1. The short conversion window. Existing currencies shall cease to be legal tender from January 31, 2023. This short notice has heightened the demand for dollar in the parallel market.
2. Low level of confidence in the market, FX policies and the economy at large. Since the beginning of the year, investment inflow (portfolio, FDI and other investments) into Nigeria has remained far below inflows recorded in 2019 before the COVID-19 pandemic. With such low level of confidence, any policy move with the slightest level of uncertainty is expected to trigger a panic reaction from market players.
3. High demand for dollar in the official market with very limited supply. Demand for dollars for school fees payments, medical bills, tourism, importation of inputs and other goods are high across major commercial banks. Faced with limited supply, manufacturers, investors and individuals have resorted to the parallel market to purchase foreign currency. This, in addition to the new policy on Naira banknotes, creates pressure on the Naira across board.
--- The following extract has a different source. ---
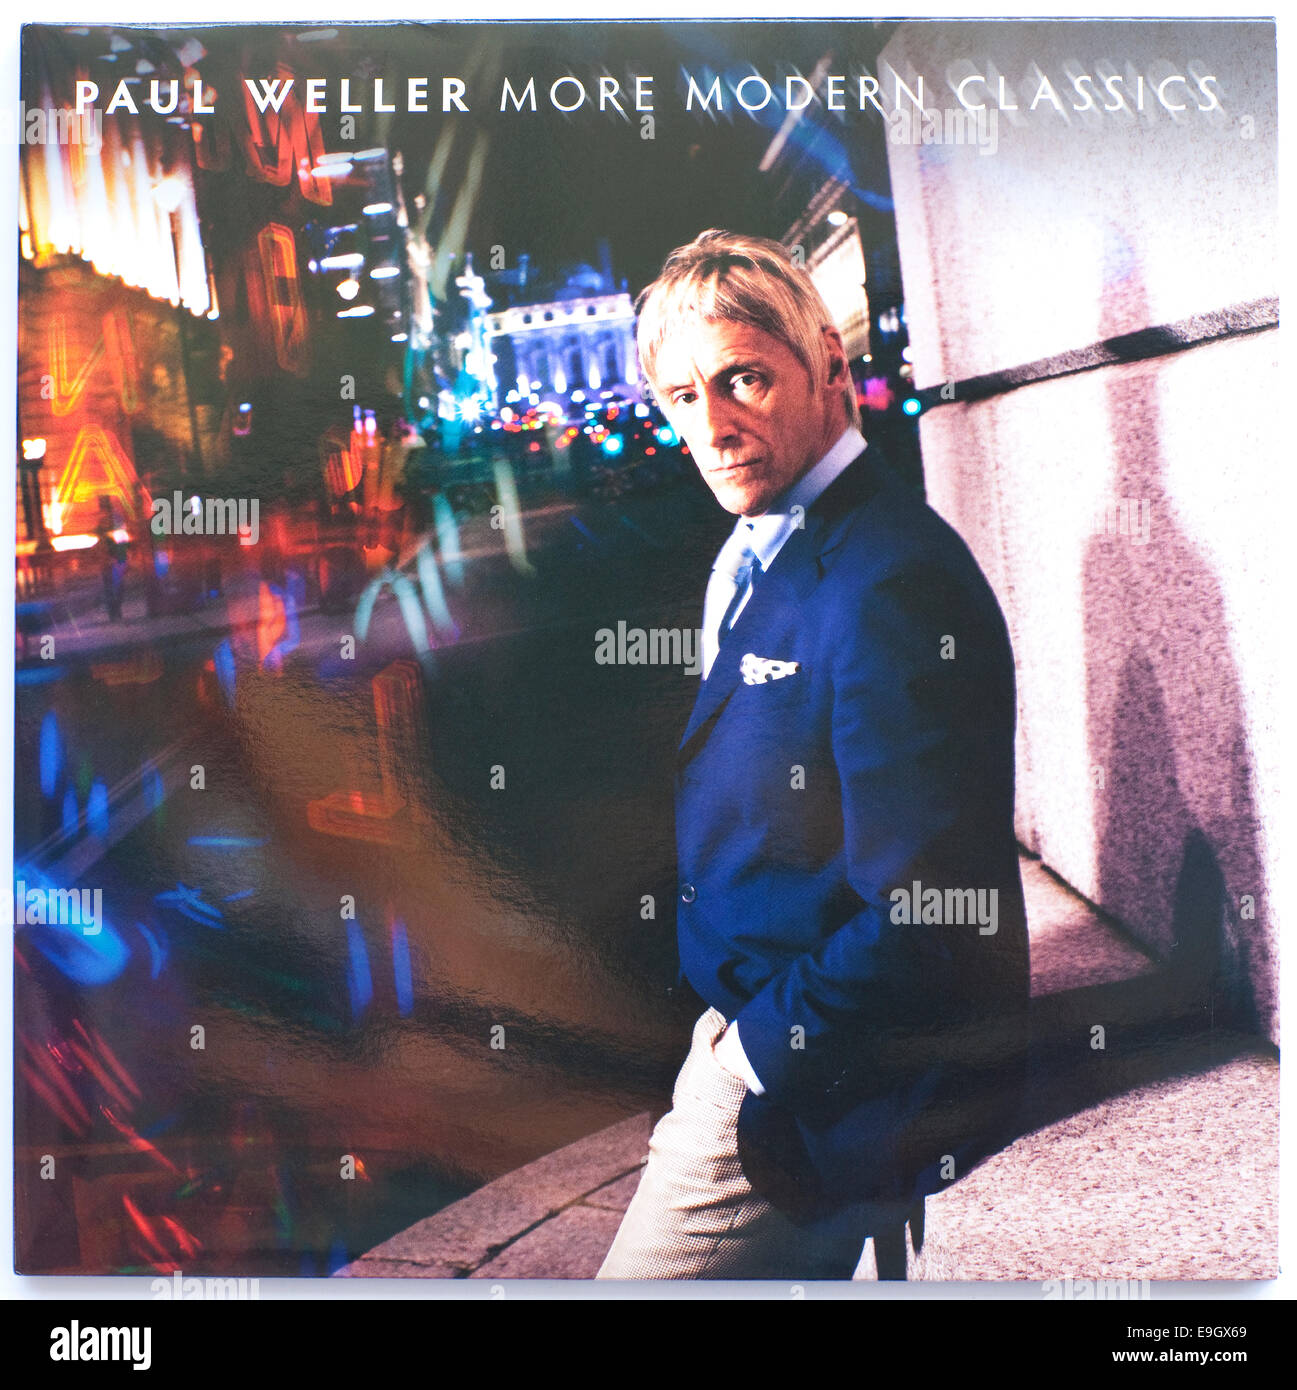 Portada de Paul Weller's 'More Modern Classics' - 2014 doble Album on 12' vinilo - solo uso editorial Foto de stock

Analyst views on Issuance of New Naira Bank Notes and CRR increase
  • We hold the view that although the intentions of the policy are good, such a sensitive policy requires careful and detailed appraisal, especially in view of the economic realities of weak dollar inflows from investors, crude oil theft, huge pending dollar demand, rising inflation, flood, low financial inclusion, among other factors.We
  • believe that if these realities were properly considered, perhaps, a careful approach would have been adopted to achieve the goals of the policy and at the same time prevent a free-fall of the Naira.

Increase in CRR

  • The increase in Cash Reserve Ratio (CRR) to 32.5% implies further liquidity tightening for the banking sector. This is in line with the actions of many Central Banks across the world that continue to raise their benchmark rates and other policy rate to reduce money supply and address inflation.
  • Specifically for Nigeria, the CBN also increased the MPR to 15.5%. Such rates hike is expected to limit the amount of money in circulation and could constraint the growth of credit to the private sector which stood at N40.5 trillion in September 2022. We also note that structural factors play a significant role in fueling inflation especially in Nigeria and these factors cannot be addressed using monetary policy instruments.